マジシャン「おまえに、謝らなくてはならない・・・過去を秘密にしていたこと、を・・・(奥歯を噛んでから)今更言い訳でしかないが、おまえがもっと成長し、落ち着いた頃に全部話すつもりだったのだ、フォーチュン。決して軽い話ではないからな」
ハイプリエステス「確かにあなたは、あたくしが産んだ子ではありません。でも、マジシャンさんとあたくしで、本当の娘と何ら変わることなく接してきたつもりざます・・・そしてあなたは、あたくしたちの想像する以上に、素晴らしい子に成長したざます。それは今も・・・本気でそう思っているざますよ・・・」
マジシャン「(俯いて)許してくれ、とは言わない。話も聞きたくないのなら、聞かなくても構わない。だが・・・(顔を上げ、凛々しい視線で)フォーチュン、私たちは、おまえの父であり、母であることには、何も変わりがない・・・だから・・・(優しい声で)いつでも、帰ってくるといい。
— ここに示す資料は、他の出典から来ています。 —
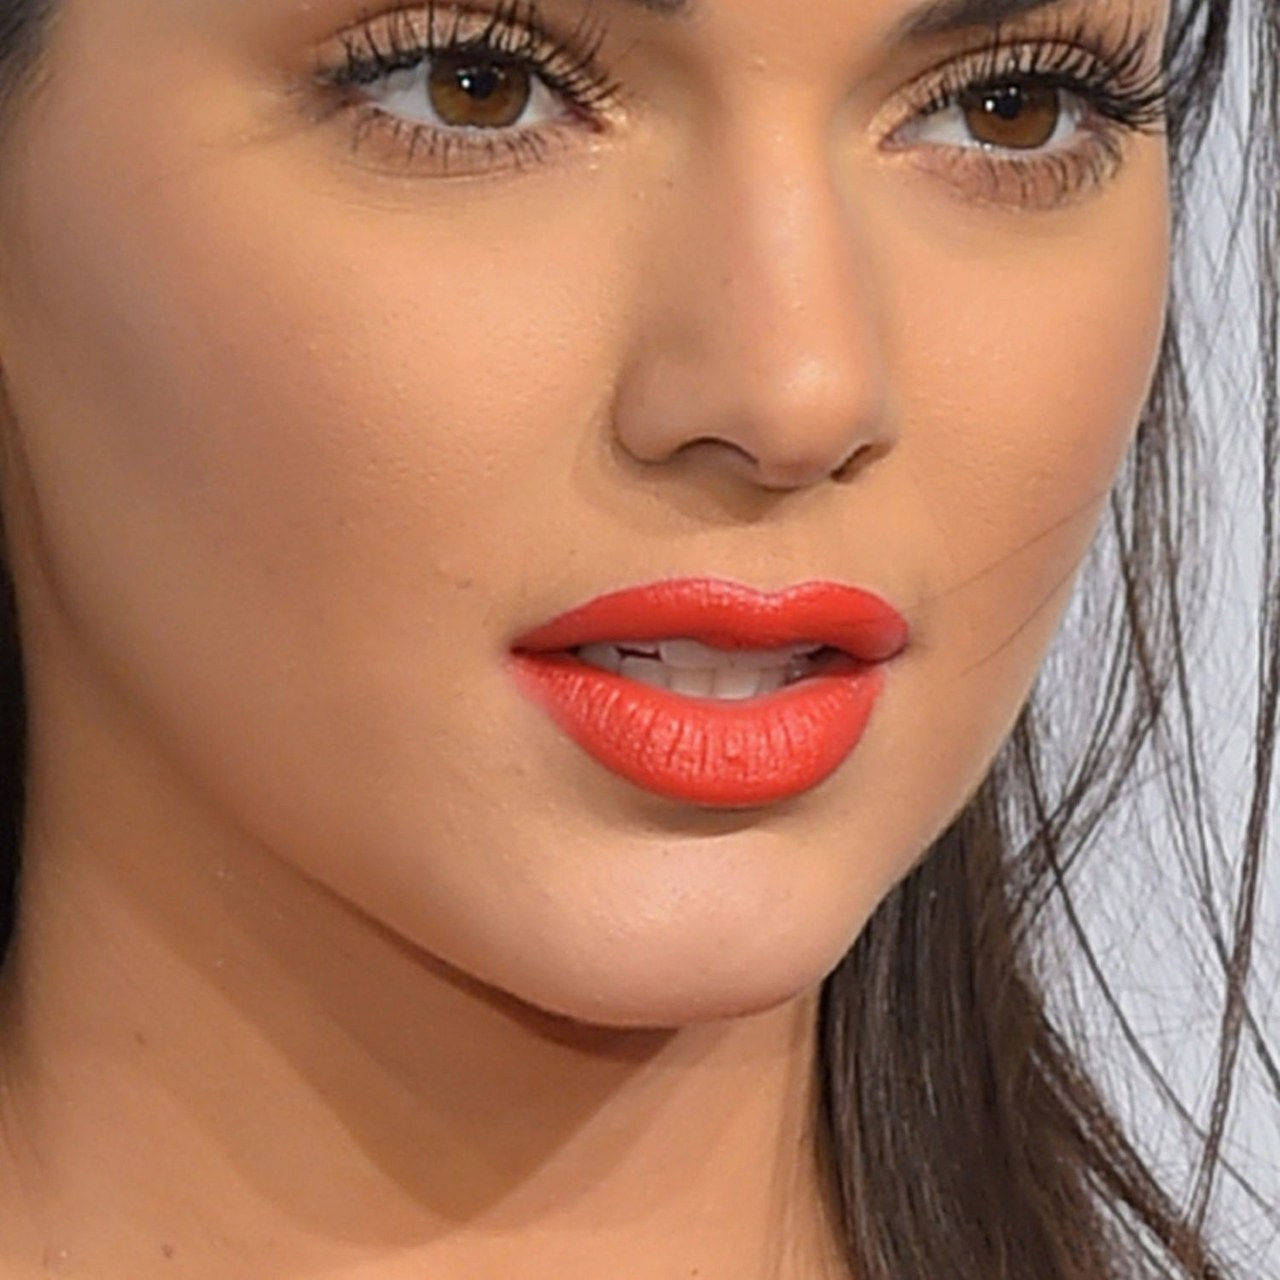 كيندال jenner overlining lips lipstick close

おまえの家は、私たちのところであーるぞ」
ハイプリエステス「(柔らかく微笑んで)待っているざますよ・・・」
俯く、フォーチュン。
沈黙。
沈黙。
花火の音と光が、3人に降り注いでいる。
暫くの、間。
更に、間。
突然。
くるっ、と身体を返して、マジシャンとハイプリエステスと向かい合うフォーチュン。
目線は伏せたまま、口元を、きゅっ、と引き締めている。
ひたすら、彼女に視界を固定するマジシャンとハイプリエステス。
フォーチュン「(口籠って)・・・明日・・・城での宴が終わったら・・・」
フォーチュン、バッ、と顔を上げて、覚束ない視線を投げる。
何かを言い淀んだように、微かに唇を震わせる。
そして、決意を瞳いっぱいに表し、マジシャンとハイプリエステスを見る。
フォーチュン「(思い切ったような声で)だからっ! そのっ!・・・(一転して、頬を染め、言いずらそうに)夕餉を馳走になりに・・・行くぞよ・・・用意して、待っておれ・・・」
途端。
タッ・・・と走り寄り、ガバッ!とフォーチュンを抱き締め、そのまま屈むハイプリエステス。
両腕を回し、ぎゅっ、と力を込める。
ハッ、と驚いてハイプリエステスの襟足を見詰めるフォーチュン。
ハイプリエステスの両目から、つぅ・・・と綺麗な涙の滴が筋を成す。
ハイプリエステス「(嬉しそうに、震えて)腕に縒りを掛けてく作るざますねっ・・・」
フォーチュン「(潤んだ瞳で)・・・母上・・・」
ゆっくりとふたりに近付き、フッ、と微笑みを見せるマジシャン。
フォーチュンの頭に右掌を置き、そ・・・と優しく撫でる。
マジシャン「(穏やかな表情で)タワーも一緒に来るといい・・・共に酒を酌み交わしたいのでな・・・」
フォーチュン「(つぅ、と涙を一筋零し)・・・父上・・・(瞼を閉じ)すまぬっ・・・」
ハイプリエステスの肩に顔を埋め、泣き始めるフォーチュン。
子供のように、一切の邪気のない、可愛らしい泣き顔。
今も続く、華麗な花火の饗宴。
いつの間にか、デスとハイエロファント、振り返ってフォーチュンたち3人を見ている。
安堵したように顔を戻し、互いに顔を向ける。
深く絡み合う、眼差し。
同時に、陽溜まりのような満面の笑みを交わし合う、ふたり。
そして、改めて、光と音の乱舞を見上げ始める。
いつまでも止まない、歓喜の雰囲気。
天空遥か高みの星々が、祝福を贈るように、煌いている。